Reading Email in Python with imap-tools

python
Published

April 11, 2021

You can use Python to read, process and manage your emails. While most email providers provide autoreplies and filter rules, you can do so much more with Python. You could download all your PDF bills from your electricity provider, you could parse structured data from emails (using e.g. BeautifulSoup), sort or filter by sentiment, or even do your own personal analytics like Steven Wolfram.

The easiest tool I’ve found for reading emails in Python is imap_tools. It has an elegant interface to communicate with your email provider using IMAP (which almost every email provider will have).

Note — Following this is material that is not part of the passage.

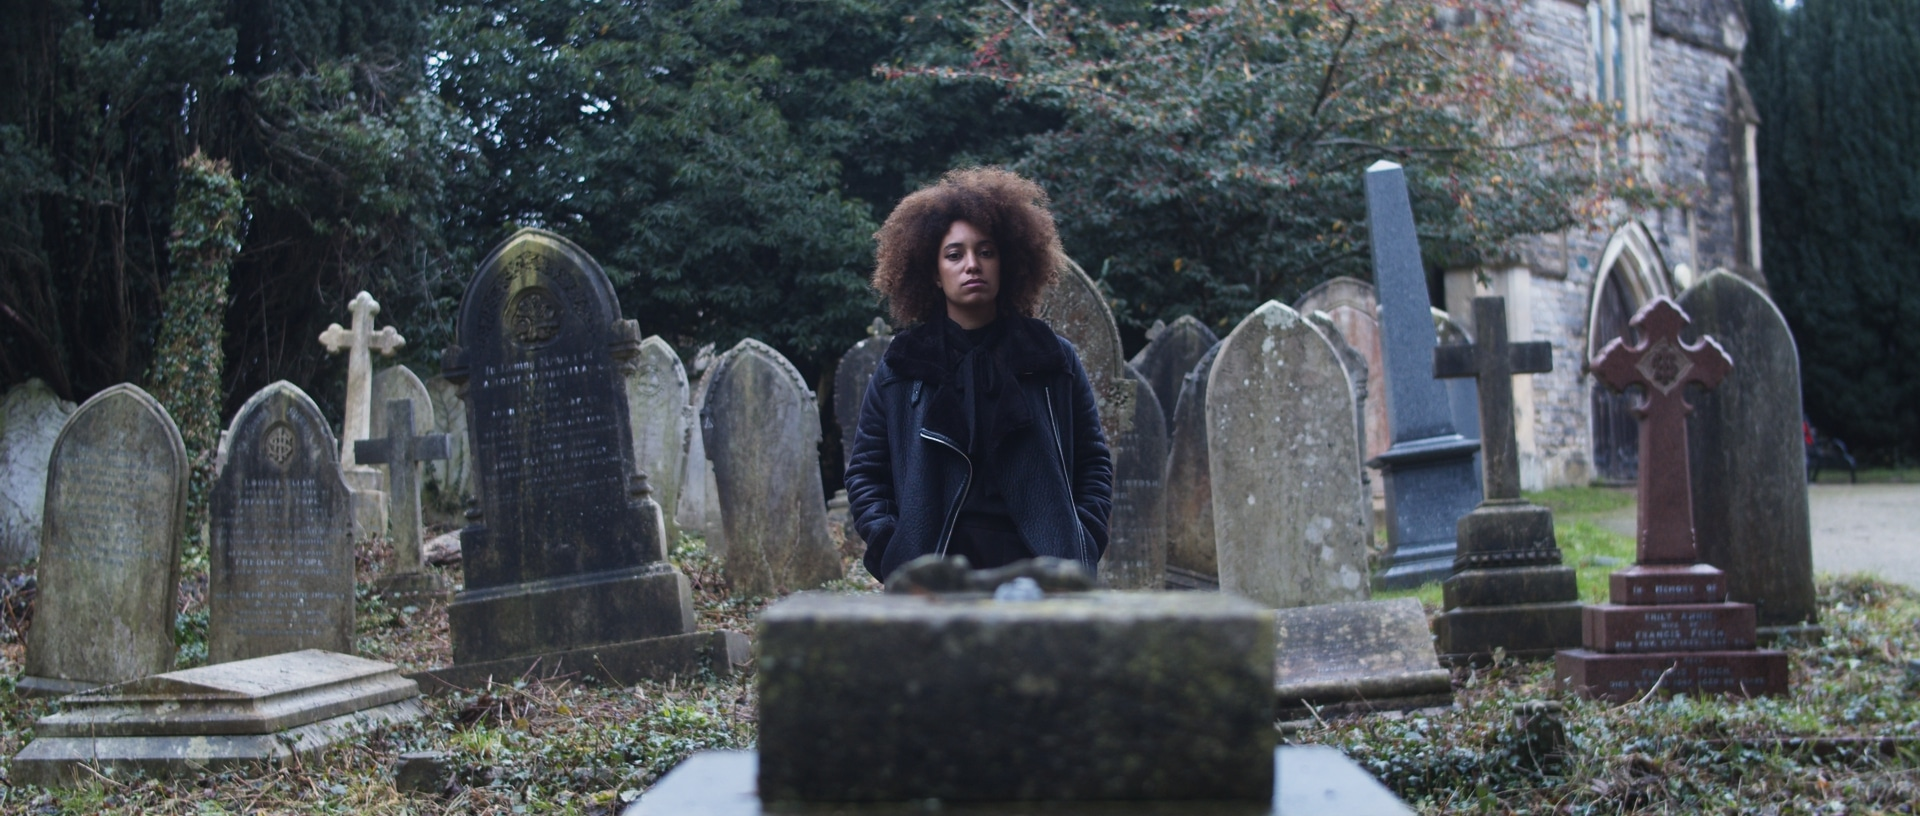 Voyager Still with temp grade, a Liam Calvert short film starring Sophie Delora Jones and shot by Matthias Djan DoP

First you access the MailBox; for which you need to get the imap server and login credentials (username and password). You should be able to find this in your email providers help or settings (e.g. here’s a guide for Gmail).

from imap_tools import MailBox, AND

# Server is the address of the imap server
mb = MailBox(server).login(user, password)

Then you can search for messages based on RFC 3501 Search Criteria. There are lots of examples in the imap_tools README; you can search based on the sender, subject, text, date and others.

# Fetch all unseen emails containing "electricity.com" in the from field
# Don't mark them as seen
# Set bulk=True to read them all into memory in one fetch
# (as opposed to in streaming which is slower but uses less memory)
messages = mb.fetch(criteria=AND(seen=False, from_="electricity.com"),
                        mark_seen=False,
                        bulk=True)

Then you can access things like the subject, from address, date, and text and HTML content using simple attributes.

files = []
for msg in messages:
    # Print form and subject
    print(msg.from_, ': ', msg.subject)
    # Print the plain text (if there is one)
    print(msg.text)
    # Add attachments
    files += [att.payload for att in msg.attachments if att.filename.endswith('.pdf')]

It also handles actions on emails such as flagging as seen, moving and deleting messages.

Alternatives

Python has the built in imaplib for IMAP and email for processing emails. Unfortunately they’re quite low level and require a bit more work to use than imap_tools.

import imaplib
import email

mb = imaplib.IMAP4_SSL(server)
rv, mesasge = mb.login(user, password)
# 'OK', [b'LOGIN completed']
rv, num_emails = M.select('Inbox')
# 'OK', [b'22']

# Get unread messages
rv, messages = M.search(None, 'UNSEEN')
# 'OK', [b'21 22']

# Download a message
typ, data = M.fetch(b'21', '(RFC822)')

# Parse the email
msg = email.message_from_bytes(data[0][1])
print(msg['From'], ":", msg['Subject'])

# Print the Plain Text (is this always the plain text?)
print(msg.get_payload()[0].get_payload())

Dealing directly with Mailfiles

Another alternative would be to download all the messages to your filesystem and directly manipulate the files. You could run your own Postfix Server to receive mail, or use isync/mbsync, or it’s slower cousin offlineimap to sync the emails to files like I outline in reading email in Emacs.

These are a bit harder; for Postfix you’ve got to make sure your server is up or you’ll lose emails. For mbsync and offlineimap there’s a bit of complex configuration, and if you do it wrong you can do mess up your emails on the server. But if you want to do big batch processing on all your emails this may be an alternative to consider.